You may be buying your personal number plate to personalise your car, to hide its age or simply as a bit of fun, but did you know that you may also be investing in something that will bring you a nice profit should you decide to sell it in the future?

A genuine investment in a healthy market

Private number plates, once an elitist flourish seen only on the luxury cars of the rich and famous, have become a universally popular way for car owners to personalise their vehicles.

There is still exclusivity at the high end of the market but people now realise that there is a wide choice available, with something to suit every budget.
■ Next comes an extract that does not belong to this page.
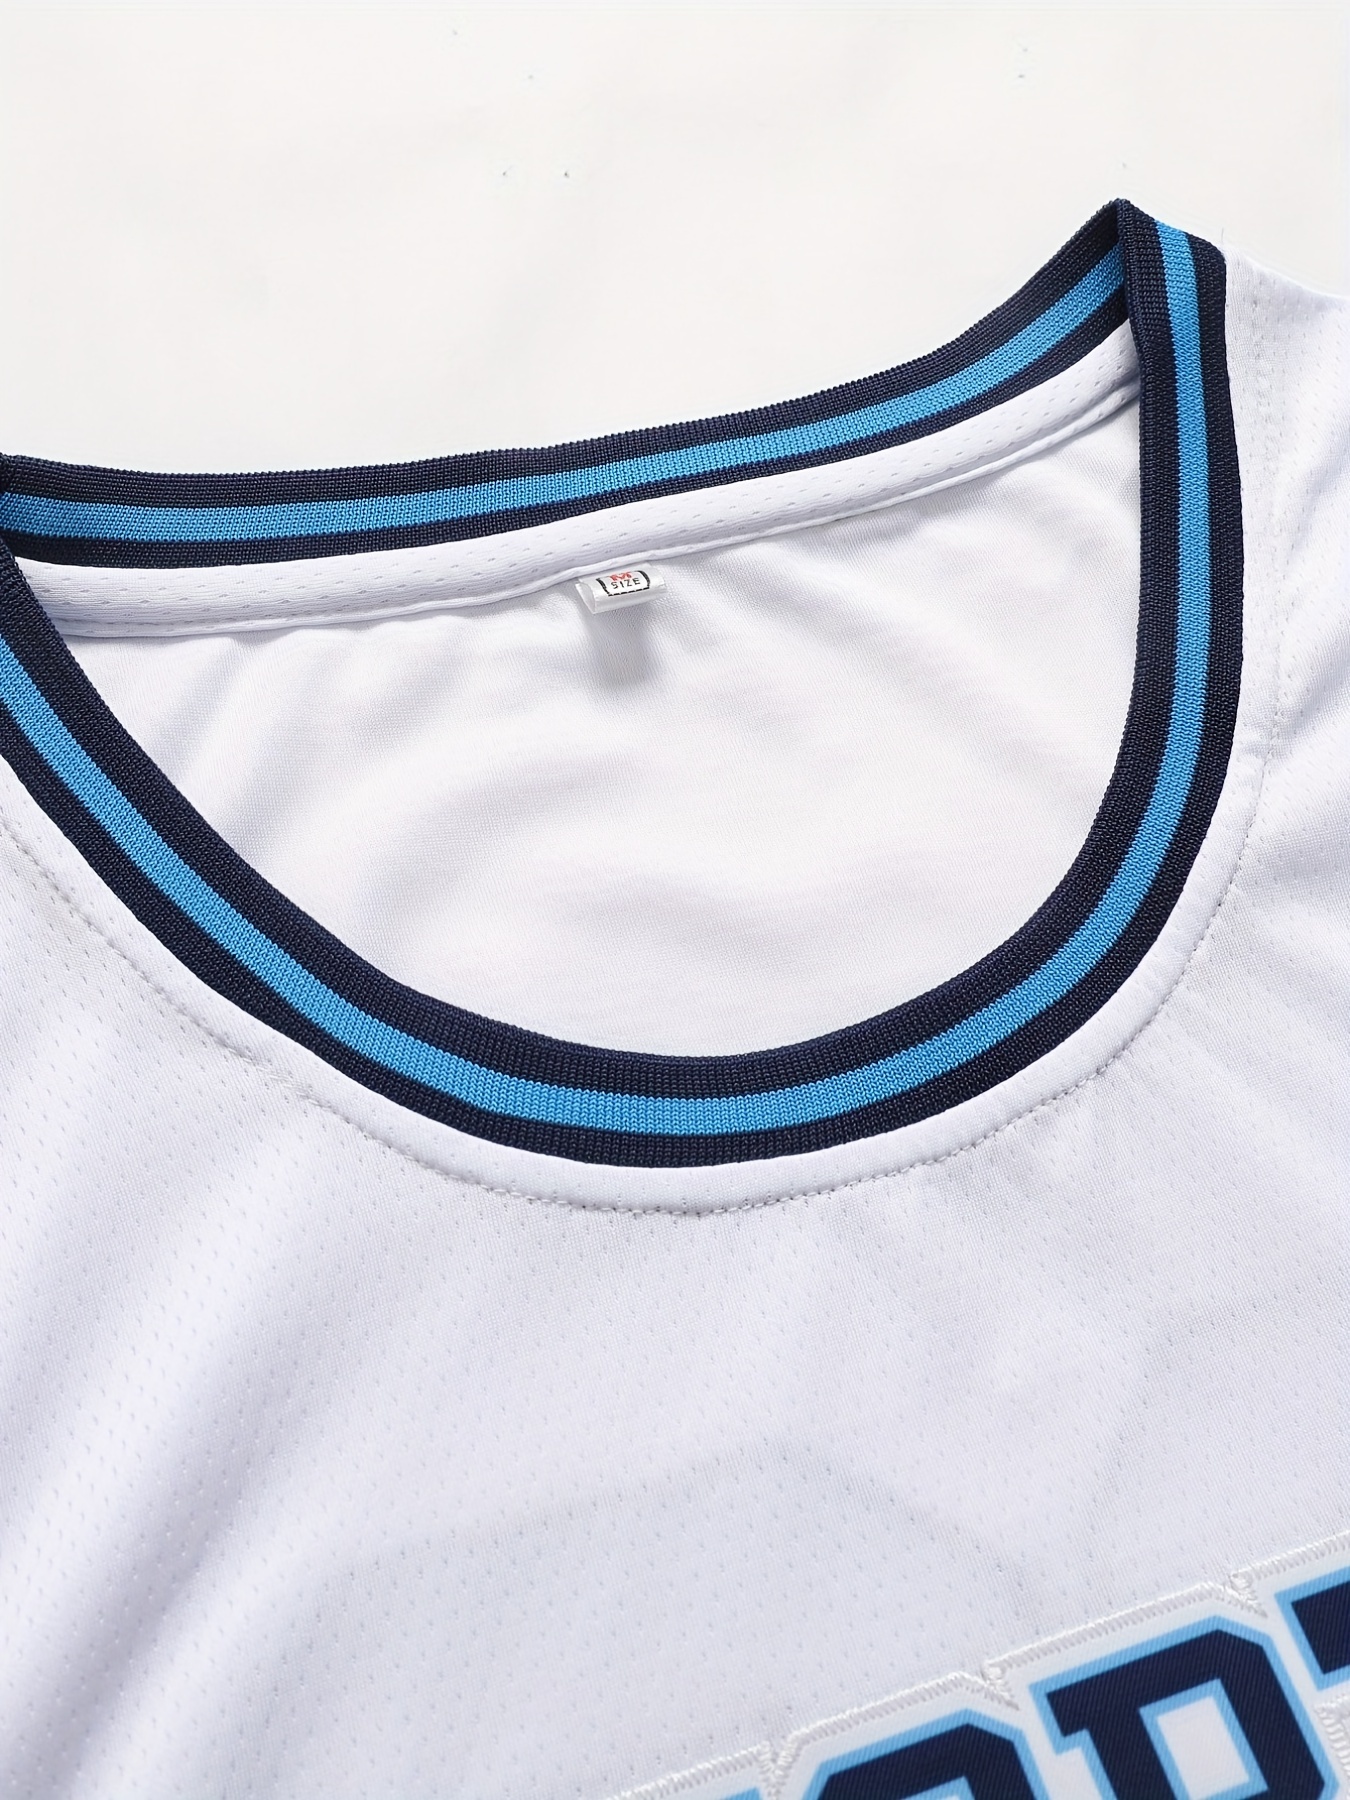 Retro 23 Basketball Jersey For Men Classic Embroidered Design Perfect For  Parties And Gifts, 24/7 Customer Service
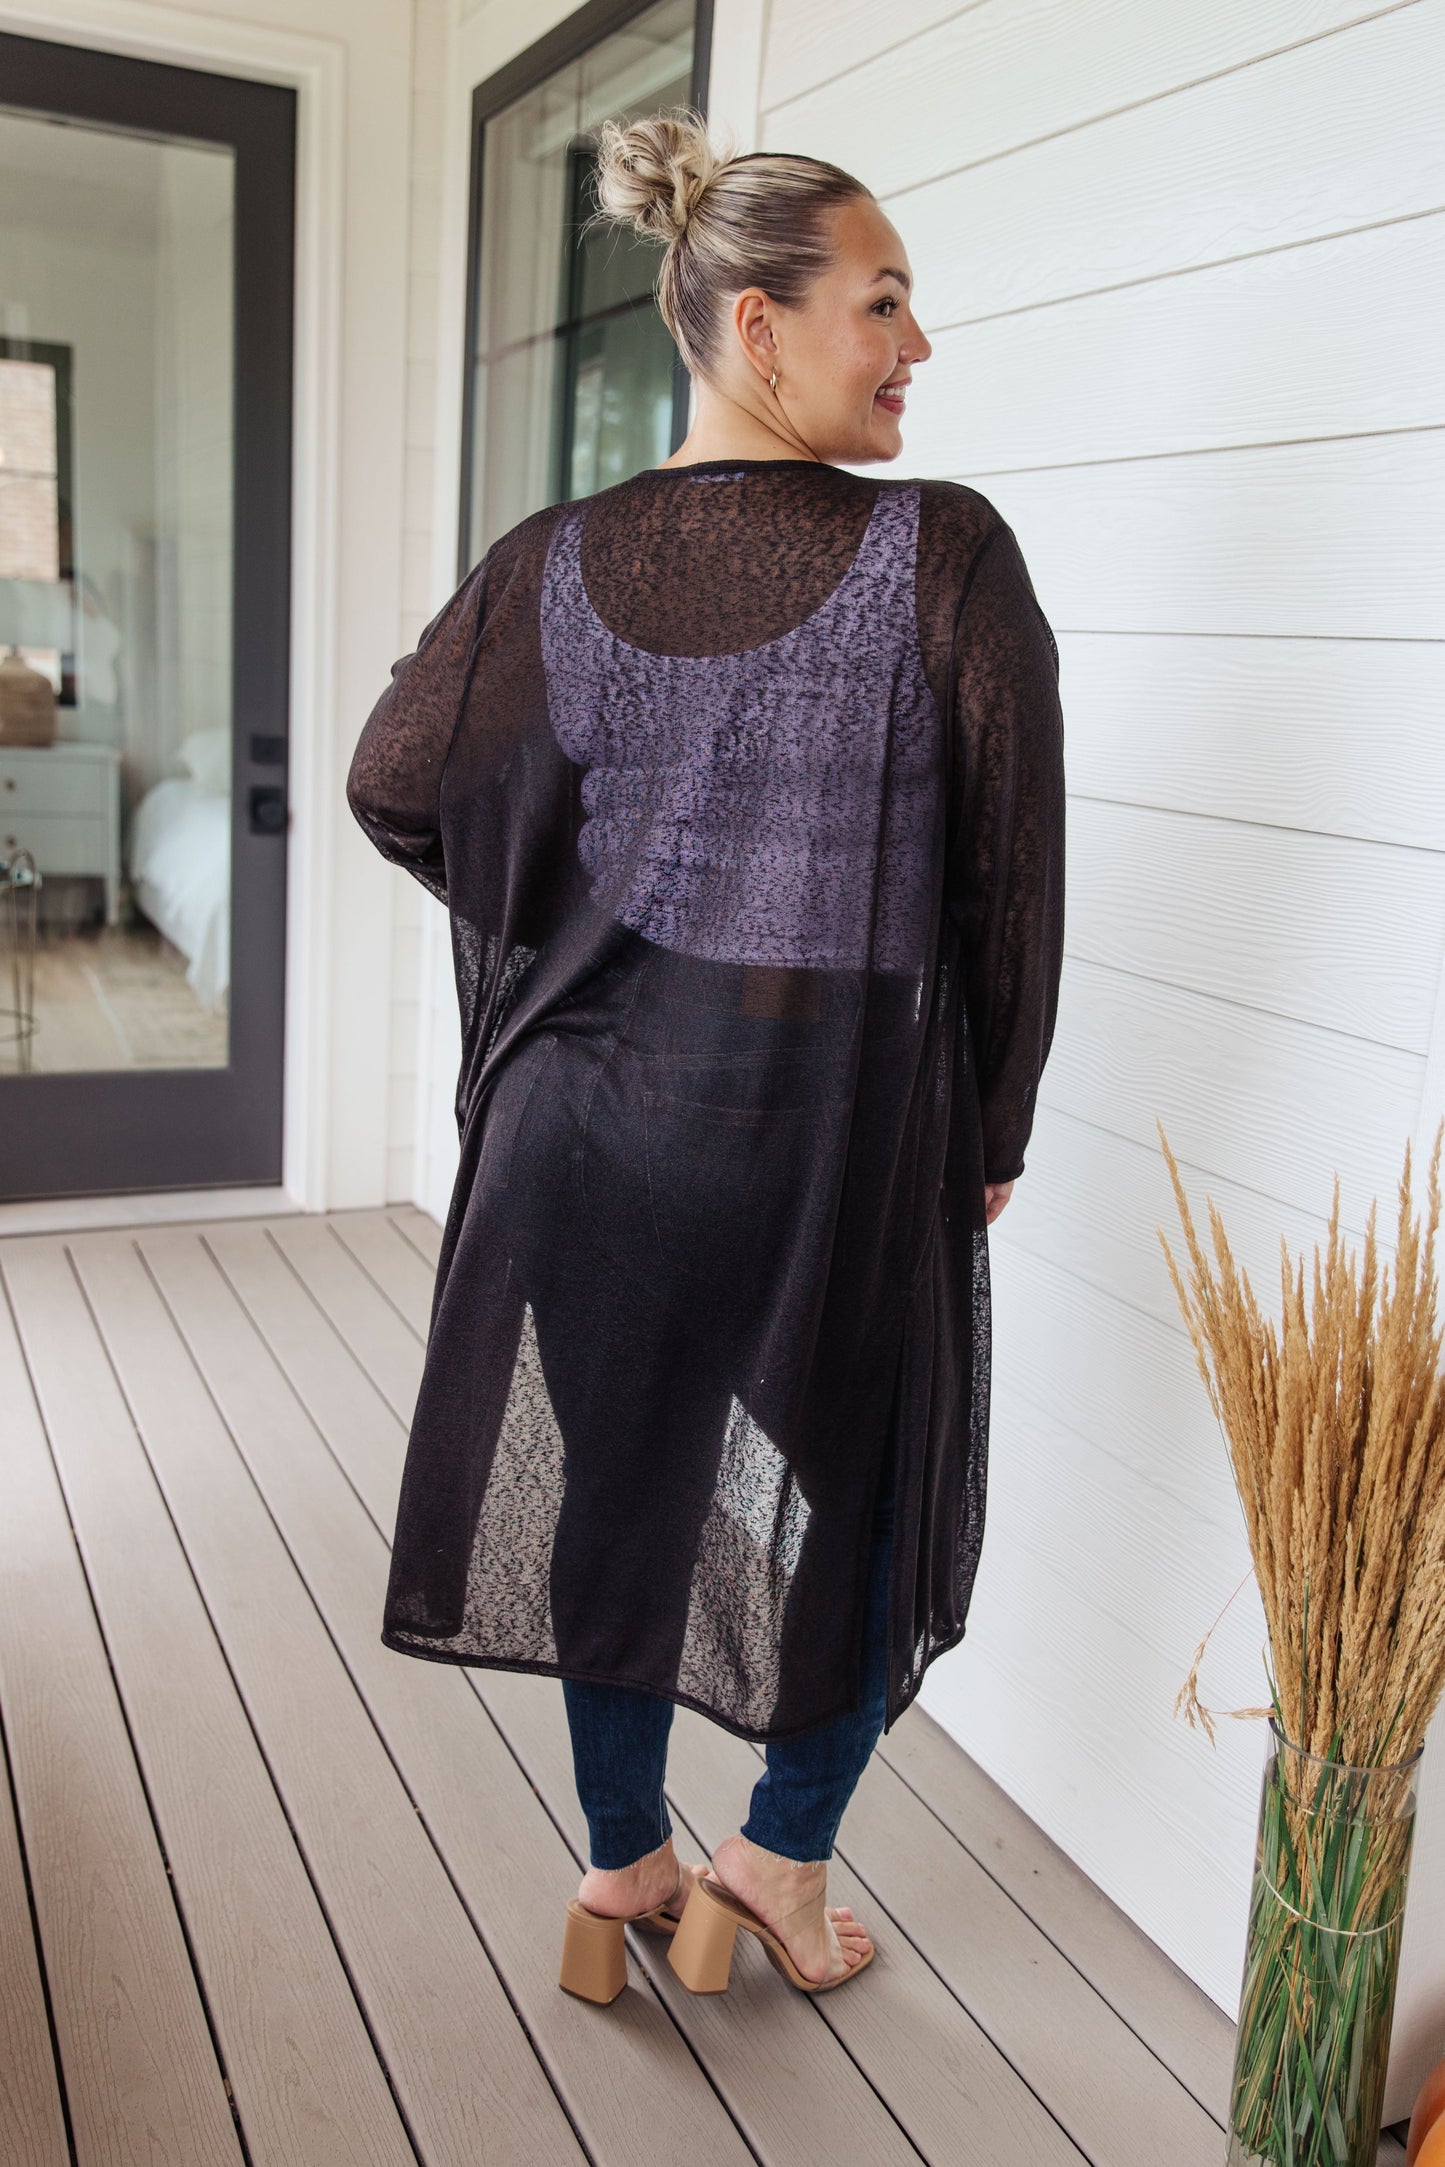 Afternoon Shade Sheer Cardigan - Three Bears Boutique

This growing popularity has driven the growth of a multimillion-pound industry around the buying and selling of car registrations. Spectacular sale prices frequently make the news and every number plate auction seems to produce at least one record-breaking or headline-grabbing sale.

Since it began selling personalised registrations in 1989, The DVLA has sold a staggering 6 million registrations. Recent data shows that the British public owns a staggering £4.3 Billion worth of private number plates and personalised plates are now taken into account as assets when bodies such as the Office for National Statistics calculate the UK's national wealth [1].

Chart showing percentage increase of valued items

How do private number plates compare with traditional investments?

In recent years, alternative investments such as classic cars, wine, jewellery etc have consistently gone up in value and have often outperformed traditional stocks and bonds.

The value of private registrations over the same period has shown a similar trend. Actually, in percentage appreciation terms, top quality private registrations have performed even better than classic cars, antique furniture, watches, wine, art or jewellery.

Here are just a few examples that show how much the value of registrations can grow.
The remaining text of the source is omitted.